Away from the Crowd, a Different Story Emerges
Take a step back from the crush and the networks go placid. A mile to a few miles from the park, T-Mobile consistently put up strong mid-band figures — usually in the 400–800 Mbps range — as Verizon and AT&T hovered around the 200–400 Mbps mark depending on where you were standing. In a last test 2.5 miles away, the 2GB download completed in about 1:00 on T-Mobile, 1:56 on Verizon, and 2:02 on AT&T. That’s like what we’ve seen nationally: when there isn’t sector collapse due to crowd load, T-Mobile’s mid-band (in this case it’s 2.5GHz) is a day-to-day speed powerhouse.

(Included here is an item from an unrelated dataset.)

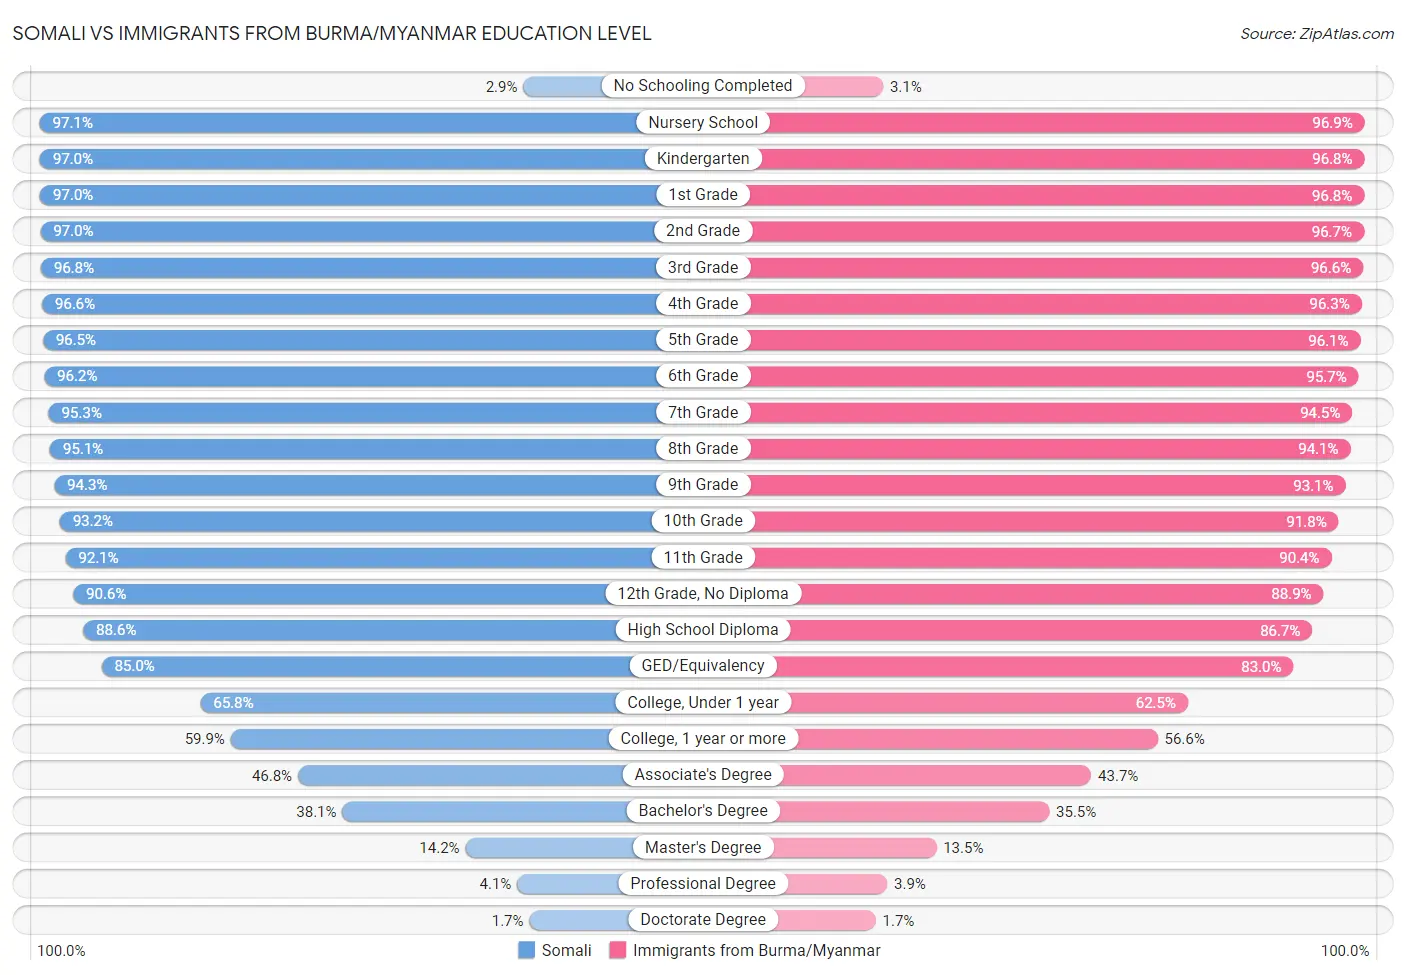 Somali vs Immigrants from Burma/Myanmar Education Level

Those findings echo the results of larger market studies. Mid-band 5G has been identified as the sweet spot for fast, reliable everyday performance by independent testing firms, while millimeter-wave provides high but brief peaks. And researchers at Ookla, Opensignal, and RootMetrics have also pointed out how carriers’ deployments differ city by city — and that local engineering is just as important as spectrum.
Why 5G Remains Patchy in Stadiums, Even With Upgrades
Many are hard to bring online.
Stadiums test the end points of wireless design. You have tens of thousands of devices, high uplink demand (everyone is filming and posting), and busy radio conditions. Even on 5G, uplink is often the bottleneck. Millimeter-wave nodes can broadcast multigigabit downlink, but uplink and handoffs suffer as users move or as bodies block line of sight. Mid-band travels further but suffers from congestion when there aren’t enough sectors and backhaul. Neutral-host DAS vendors and carrier teams fight this physics with dense small cells, beamforming, and capacity planning — but it’s a moving target.

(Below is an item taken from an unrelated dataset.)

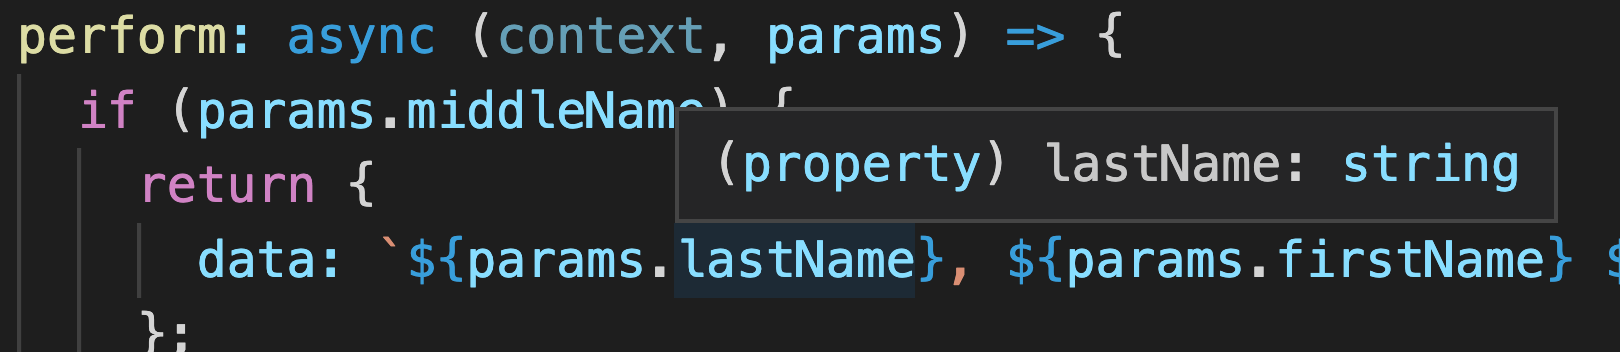 Screenshot of code editor showing string type

There’s also an architectural angle. Most networks are still 5G NSA (non-standalone), where 5G is anchored to LTE, which creates potential signaling/latency issues in dense coverage venues. Standalone 5G could prioritize various classes of traffic if the networks are sliced, but network slicing across an entire venue is not as widespread so far. Industry organizations such as 3GPP and CTIA drive home that real-world performance gains come from the troika of spectrum depth, site density, and strong fiber backhaul — not just radio logos on a scoreboard.
The Game Day Verdict: Which Carrier Won the Stadium Test
And for this test, Verizon is the clear winner: it has not only the fastest peak by a long shot — and didn’t see single-digit performance in my measurements — it demonstrated strong stability under strain, too.

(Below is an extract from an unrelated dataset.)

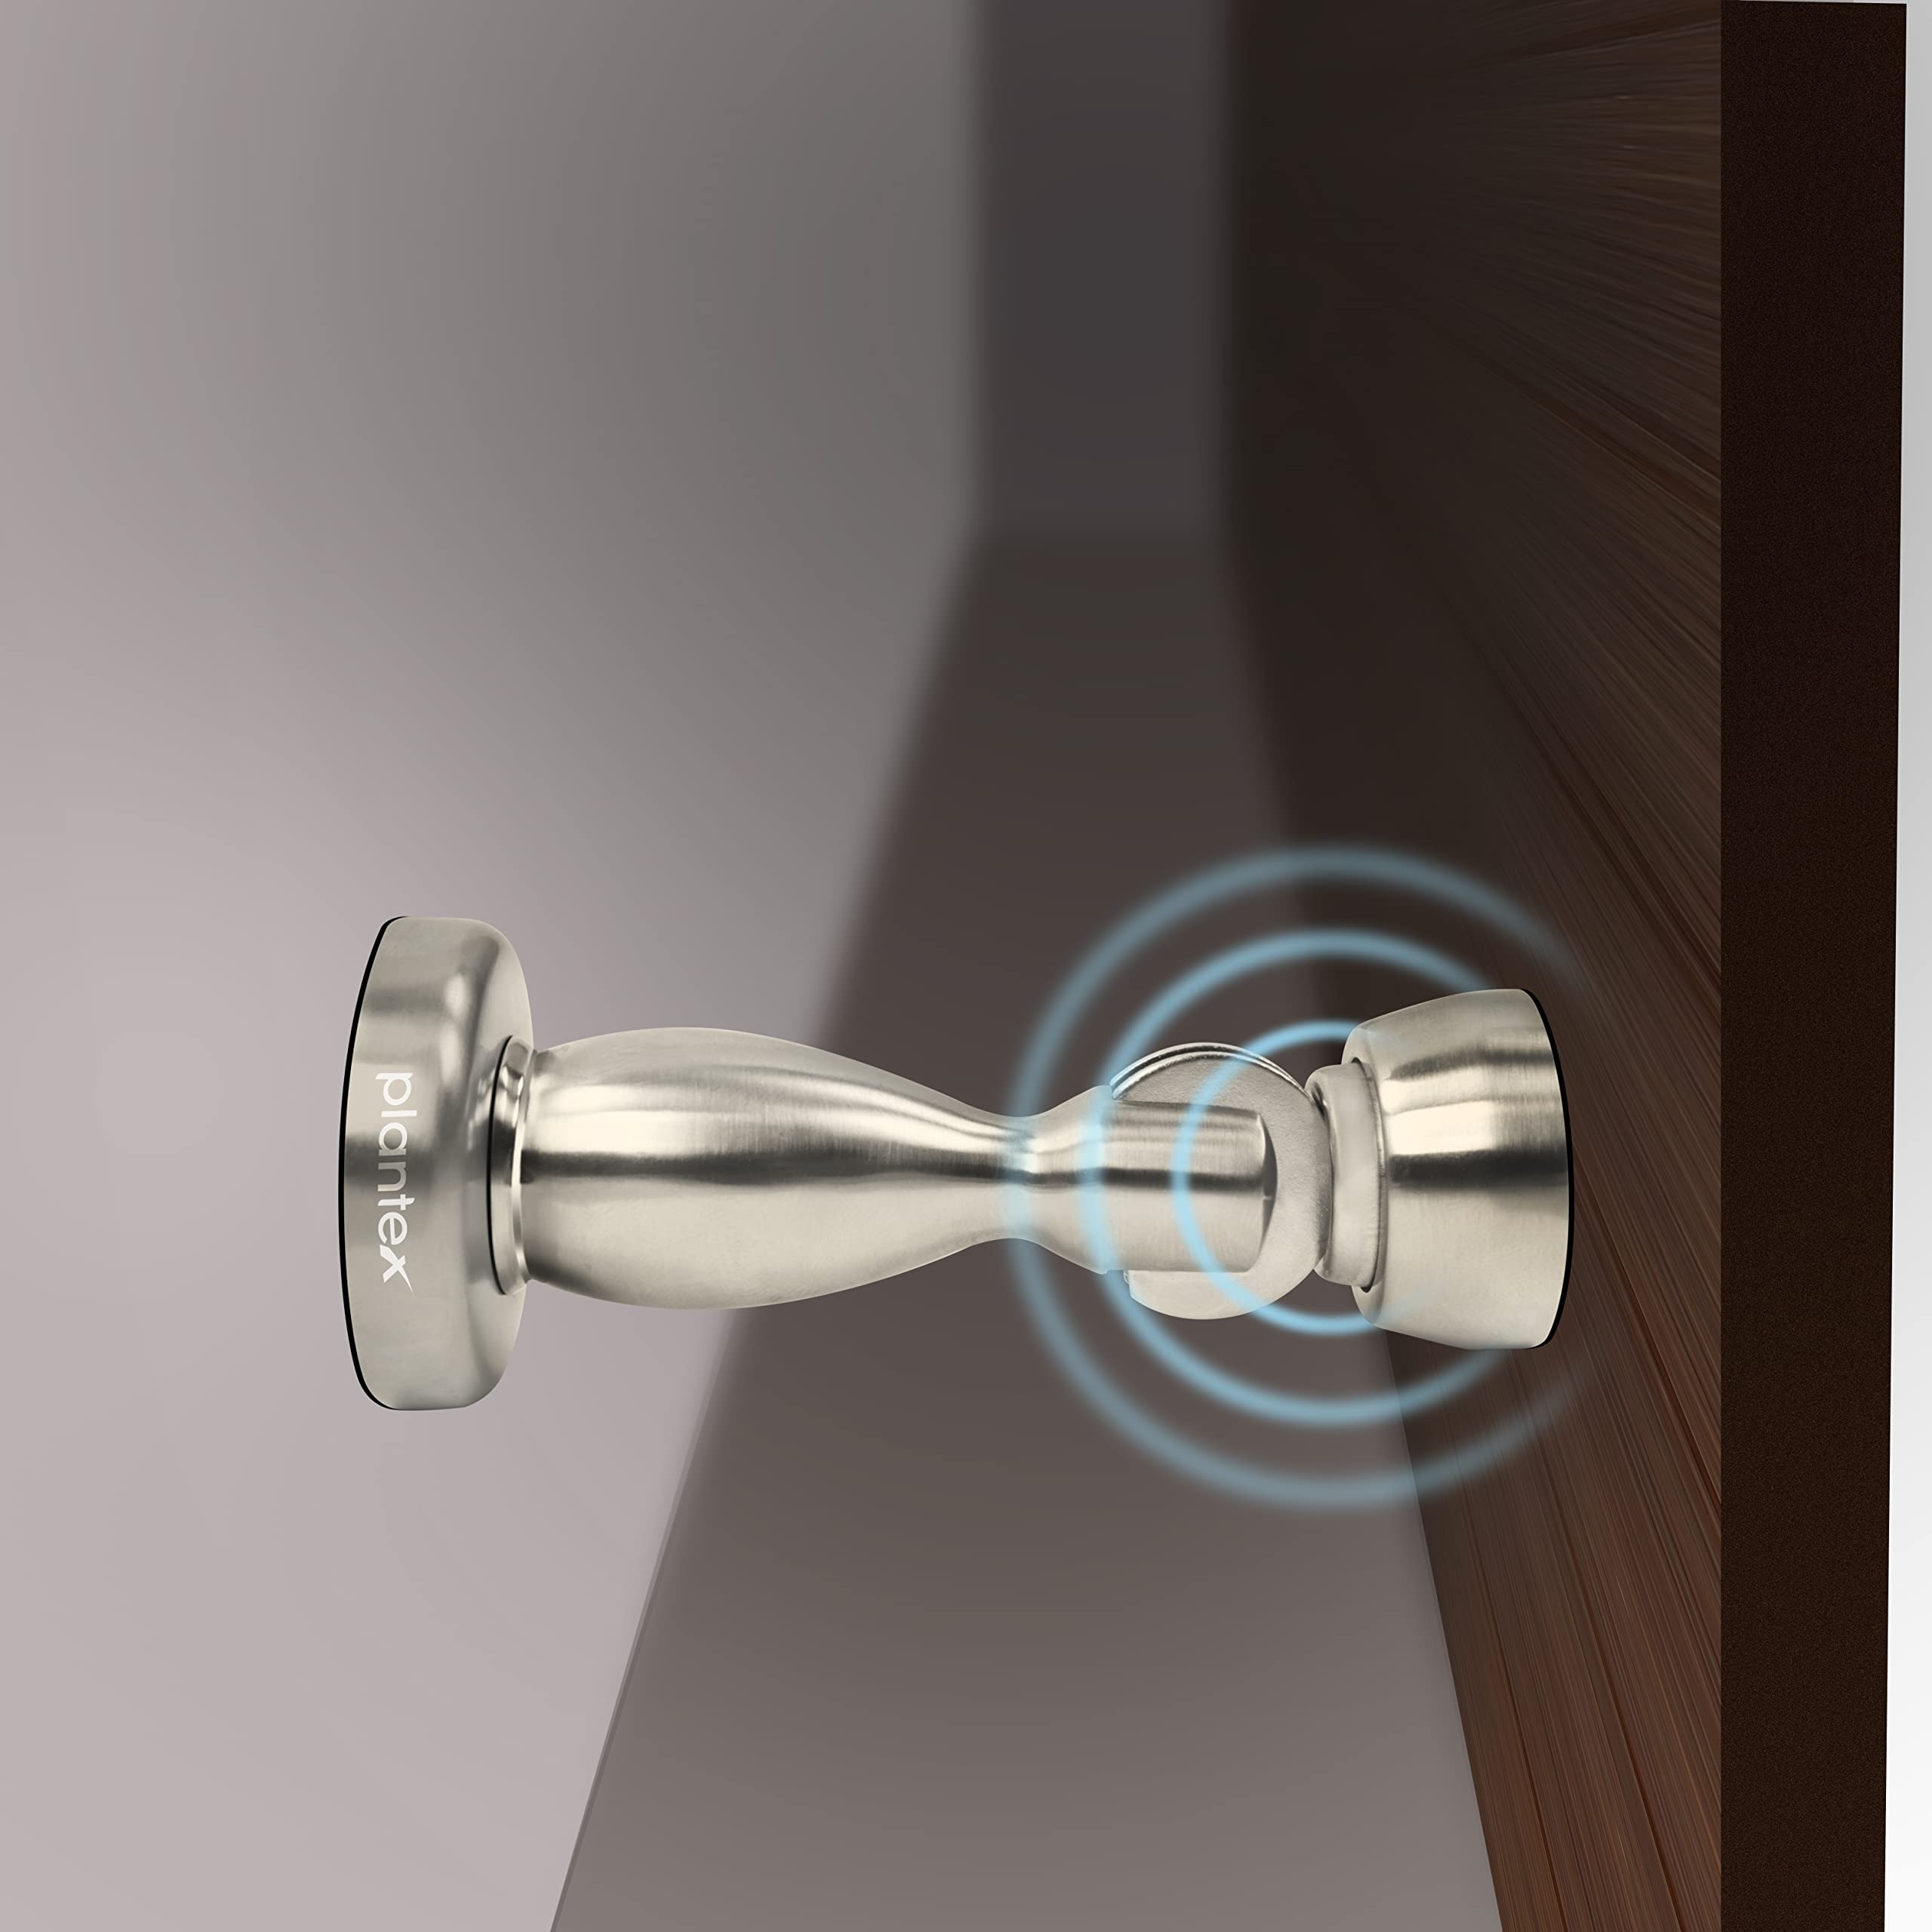 Plantex Magnetic Door Stopper for Home/ 360 Degree Magnet Door Catcher/Door Holder for Main Door/Bedroom/Office and Hotel Door - Pack of 2 (4 inch, Silver Matt)

AT&T put up some scorching bursts — like that 1.29 Gbps near the gate and an eye-blink-quick 2GB download — but it also suffered the nastiest slowdowns in its backend when a lot more people were milling around. T-Mobile was the behaviorally inconsistent one: great outside the park, sometimes unhelpful just beyond it, and unexpectedly potent again a few steps later.
Practical takeaway: if you’re going to a sold-out game, no carrier is going to act the same at every gate or minute. Download what you need before arriving, expect uplink-intensive work to lag, and rely on the venue’s Wi‑Fi if it qualifies as robust (many parks now boast Wi‑Fi 6/6E). Carriers are still refining the playbook for stadium coverage with plenty of C-band, n41, and even some targeted mmWave, but physics and fan behavior make perfection something like a lake to sail under a downtown bridge.
This was a sample rather than the national crown. Still, the trend is clear: multigig peaks are real, capacity pain is real, and perhaps the best network on your walk to the ballpark isn’t what you want it to be at the turnstile 10 minutes later.